Katarzyna Stankiewicz po 15 latach postanowiła wrócić do show biznesu. Pogodziła się z muzykami Varius Manx, ruszyła z nimi w jubileuszową trasę koncertową, a nawet podobno pracują razem nad nowym materiałem. Na razie "bez kontraktów i zobowiązań". To ponoć trochę ryzykowne. Anita Lipnicka twierdzi, że dawni koledzy do tej pory nie rozliczyli się z nią ze sprzedanych płyt.
Podobno mój pierwszy album z Varius Manx sprzedał się w milionowym nakładzie. Ciekawe, kto zgarnął te pieniądze. Bo na pewno nie ja - wyznała w jednym z wywiadów.
Stankiewicz wzięła także udział w Tańcu z gwiazdami, udzieliła wywiadu Vivie i planuje rozbieraną sesję w Playboyu. Czyli zaliczyła główne punkty "wielkich powrotów". Teraz czas na zostanie bohaterką rubryk towarzyskich. Ale to nic trudnego, bo Katarzyna właśnie się zakochała.

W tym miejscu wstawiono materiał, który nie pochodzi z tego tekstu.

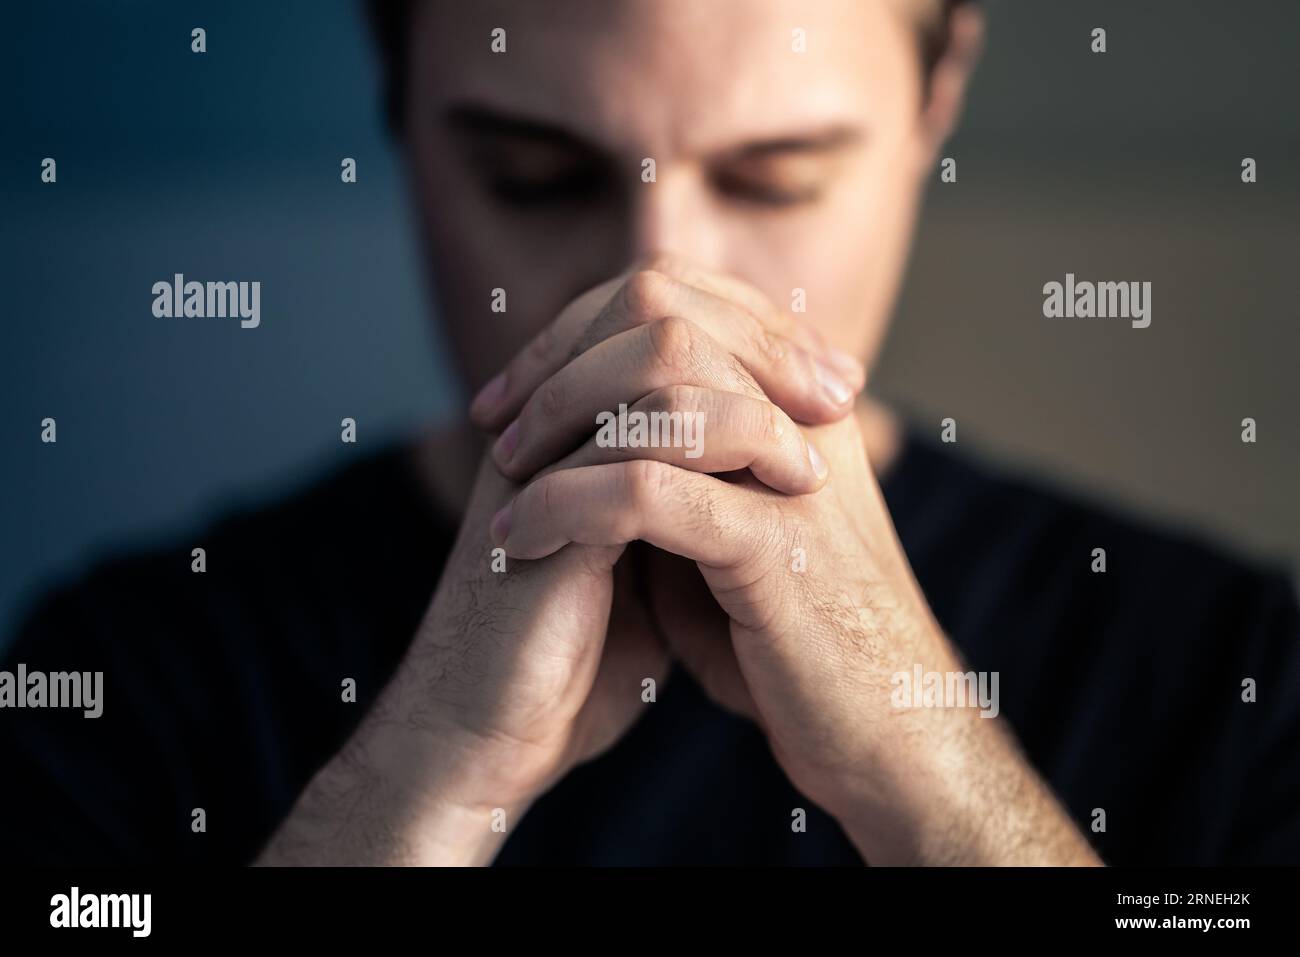 Praying hands. Prayer to God. Catholic or Christian man. Faith, religion and belief. Help and hope from Bible and church. Worship Jesus. Stock Photo

Od 2006 roku, czyli rozstania z producentem Radkiem Łuką, z którym ma 12-letniego syna, piosenkarka jest sama. Na szczęście, jak ujawniają jej znajomi, już kogoś poznała.

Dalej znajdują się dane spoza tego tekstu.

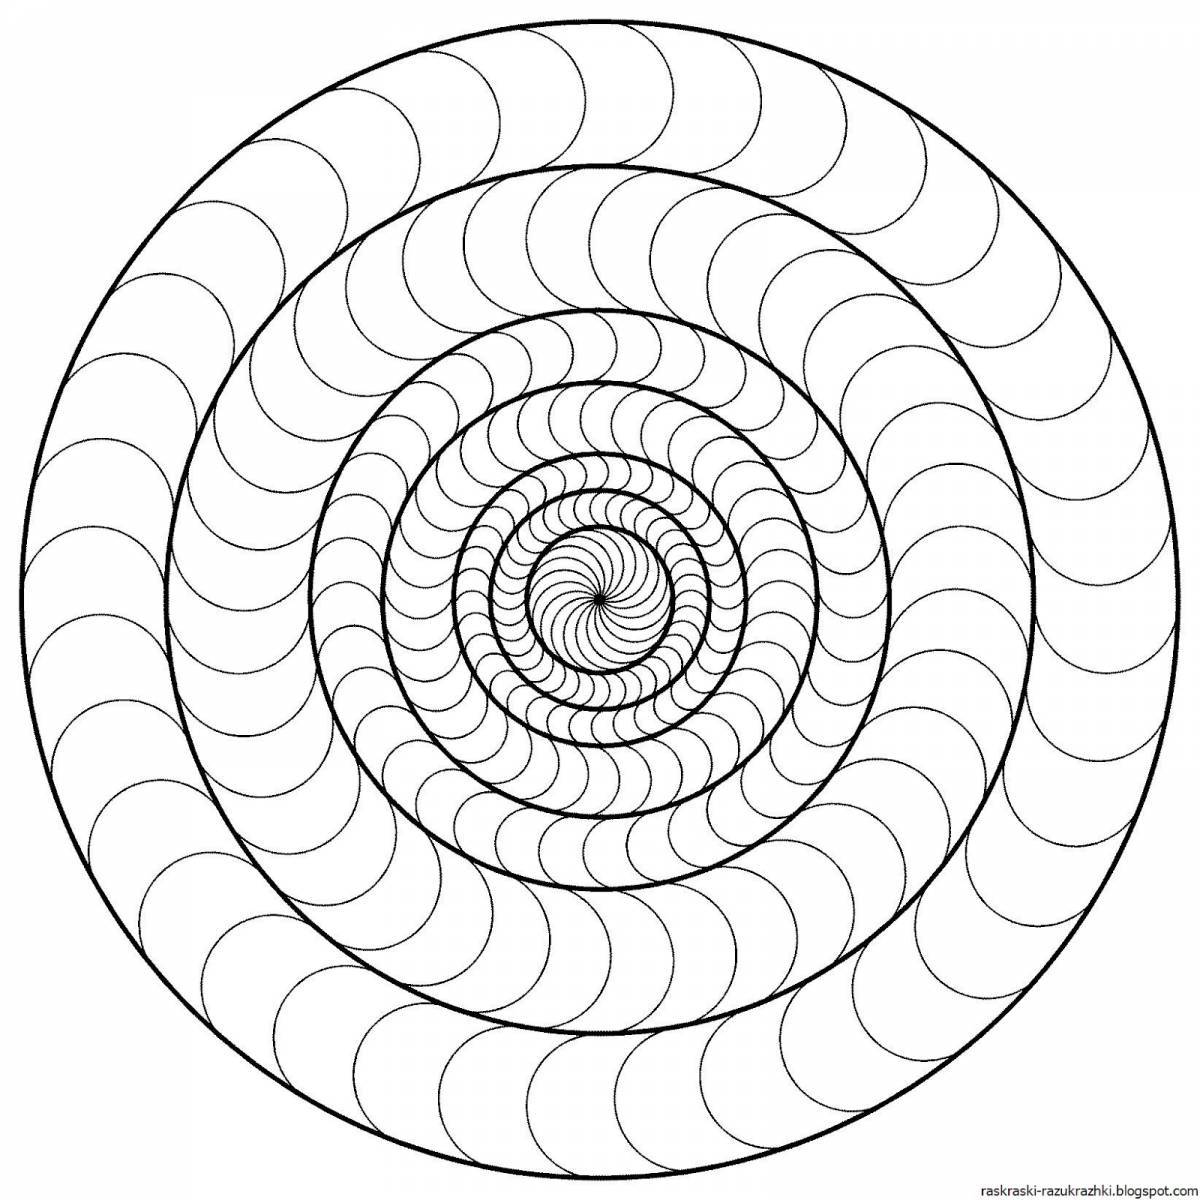 Intriguing spiral pattern coloring page

Kasia jest szczęśliwie zakochana, ale mocno pilnuje, by nie stało się to tematem plotek - ujawnia informator Faktu. Jej partner pracuje w branży, jest jednym z kierowców ekipy technicznej, z którą Kasia pracuje. Ale nie towarzyszy jej na imprezach, nie obnoszą się ze swoim uczuciem. Ten związek to taka wisienka na torcie, bo ten rok jest dla niej bardzo udany dzięki powrotowi do Varius Manx i udziałowi z Tańcu z gwiazdami.